State v. Hinton

146 A. 503, 84 N.H. 75, 1929 N.H. LEXIS 54
CourtSupreme Court of New Hampshire
DecidedMay 7, 1929
StatusPublished
Cited by4 cases

This text of 146 A. 503 (State v. Hinton) is published on Counsel Stack Legal Research, covering Supreme Court of New Hampshire primary law. Counsel Stack provides free access to over 12 million legal documents including statutes, case law, regulations, and constitutions.

Bluebook
State v. Hinton, 146 A. 503, 84 N.H. 75, 1929 N.H. LEXIS 54 (N.H. 1929).

Opinion

Marble, J.

1. “If any person to whom any money, goods or property which may be the subject of larceny shall have been delivered or entrusted for keeping, carriage or use, . . . shall fraudulently dispose of or convert to his own use the same or any part thereof,- . . . with intent so fraudulently to dispose of or convert it to his own use, he shall be deemed guilty of larceny thereof, and shall be punished as for the larceny of goods of the same value.” P. L., c. 389, s. 8.

The indictment charges the defendant with having converted to his own use a certain bank check of the value of two thousand dollars, which one Mary Stillings had delivered to him for the purchase of twenty shares of the capital stock of the Orleans Granite Company. At the trial, it was claimed in support of a motion made at the conclusion of the charge that a check is not the subject of larceny.

“A check is a bill of exchange drawn on a bank payable on demand.” P. L., c. 312, s. 185. See also Barnet v. Smith, 30 N. H. 256, 264. The original act malting punishable the theft of certain written instruments applied in general terms to “any paper that shall contain on it evidence of a debt, covenant, contract or promise, or that shall contain on it evidence of the payment or discharge of any debt, covenant, contract or promise.” Act of Feb. 16, 1791 (Laws, ed. 1805, p. 274). This act was followed by the acts of June 19, 1812 (Laws, *77 ed. 1815, p. 323), and Jan. 2, 1829 (Laws, ed. 1830, p. 142). In order apparently to avoid any possible question as to whether commercial paper had been included in the general classification of the original act, the words “any paper” were superseded in the later enactments by the phrase “any bond, promissory note, bill of exchange, order, or other writing or obligation.” Manifestly, the subsequent readoption of a general description by substituting the words “any writing” (R. S., c. 215, s. 13) for the phrase in question did not evince a legislative purpose to reduce the number of writings embraced by the former statutes but rather a desire to render the new statute comprehensive in scope and simple in form. The statute now in force (P. L., c. 389, s. 3) does not differ materially from R. S., c. 215, s. 13. It cannot therefore be doubted that “all written instruments promising or directing the payment of money” (36 C. J. 743) are included within its terms.
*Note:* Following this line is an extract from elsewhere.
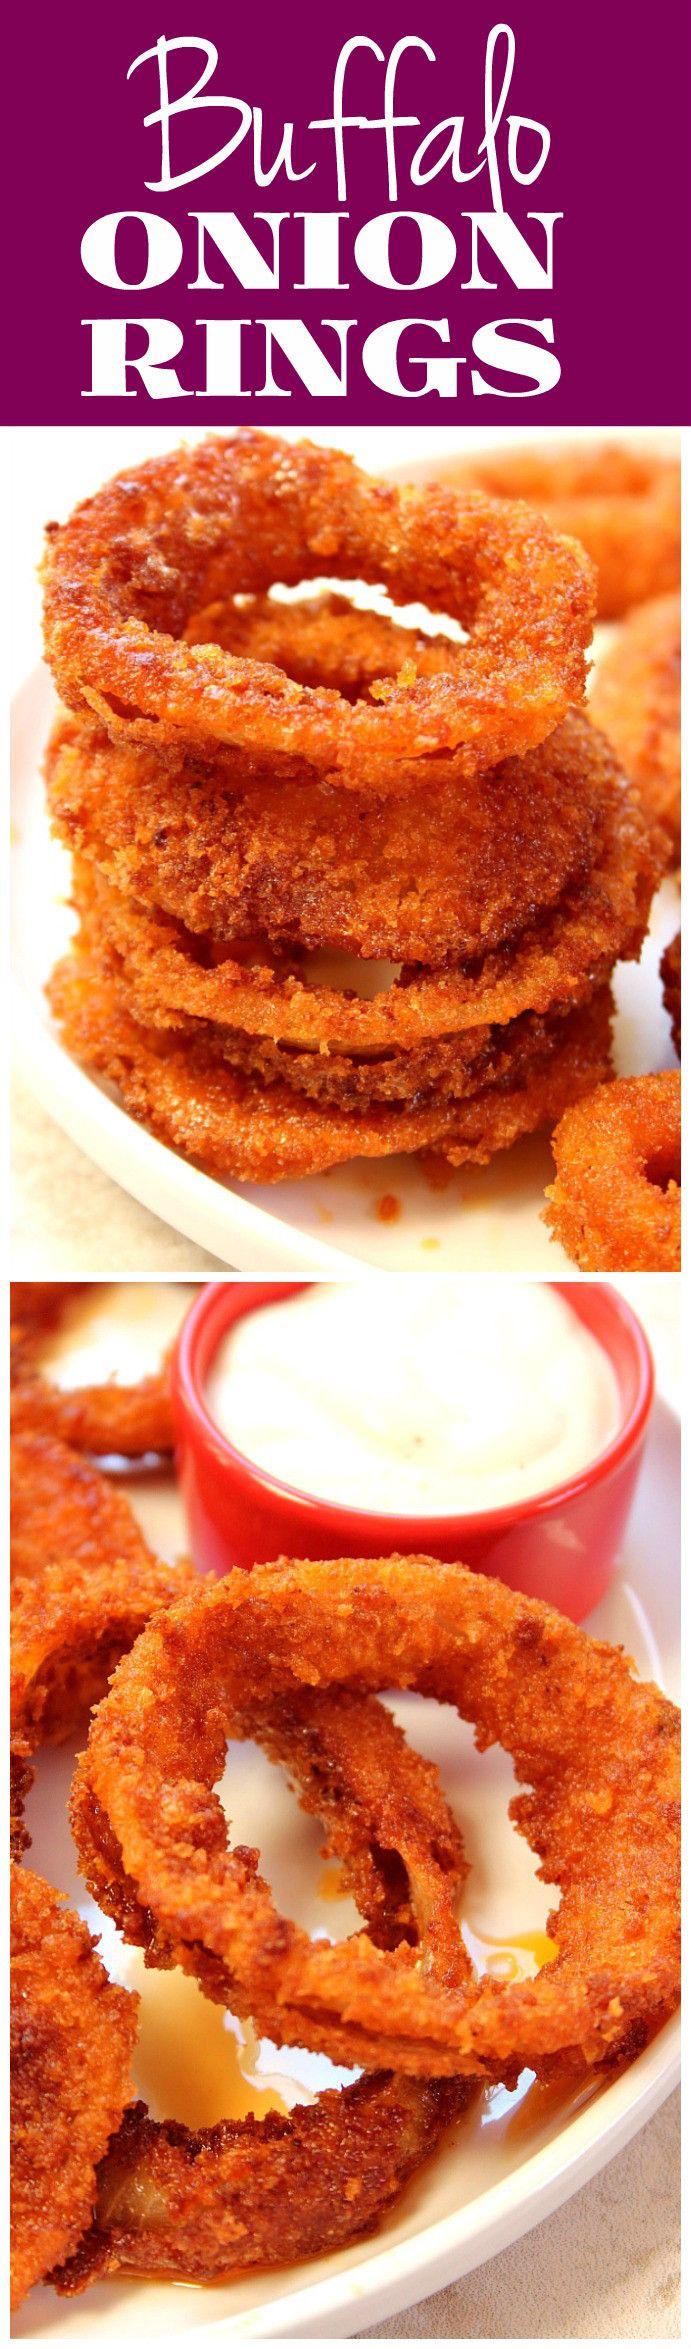 Buffalo Onion Rings Recipe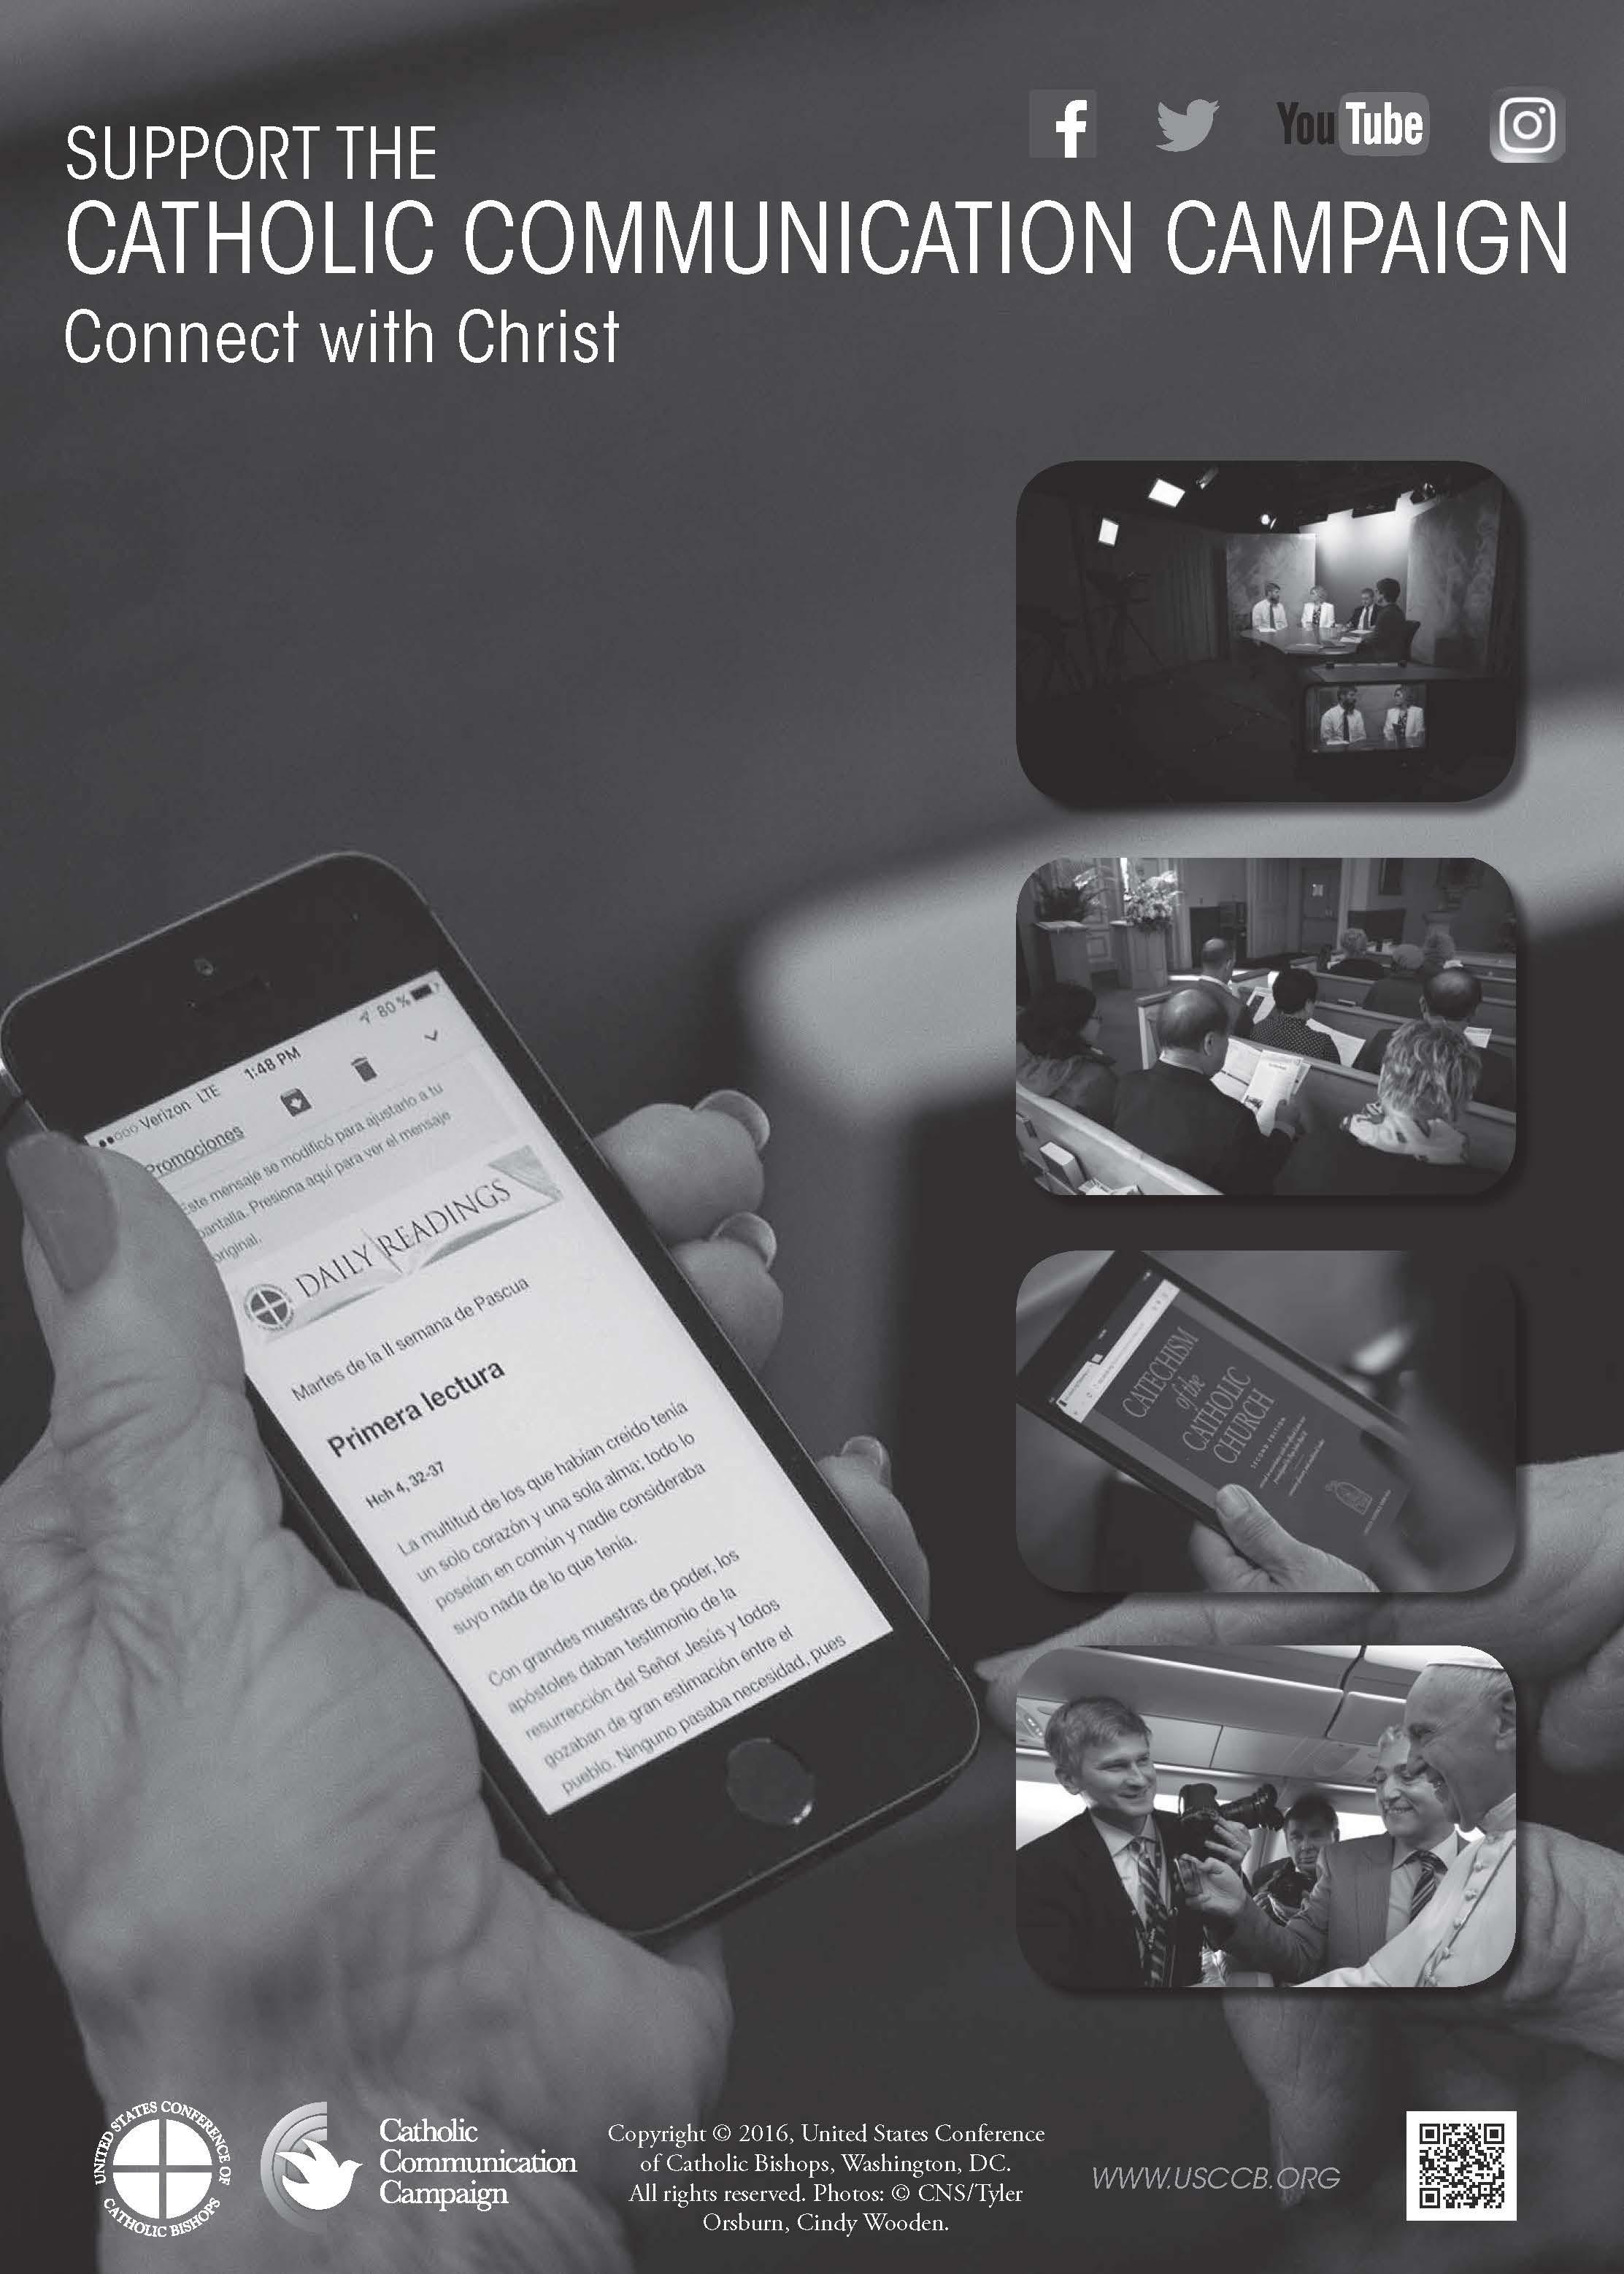 2018 Catholic Communication Campaign Resources

“In the eye of the common law a check is but a token, representing property located elsewhere, but valueless in itself, and therefore not a subject of larceny. The statute changes this, making the instrument a subject of larceny; in other words, treating it as a thing of value in itself. And if the instrument is to be valued as a check and not as a piece of paper, what is its value? Obviously the amount it represents, if the check is good.” State v. McClellan, 82 Vt. 361, 364, 365. See also State v. James, 58 N. H. 67. Possession of the check in the present case gave the defendant “control of an amount of current money equal to the face of it, with the power of transferring that control by indorsement.” State v. McClellan, supra. Extended discussion is not essential, however, since the question is not argued in the defendant’s brief.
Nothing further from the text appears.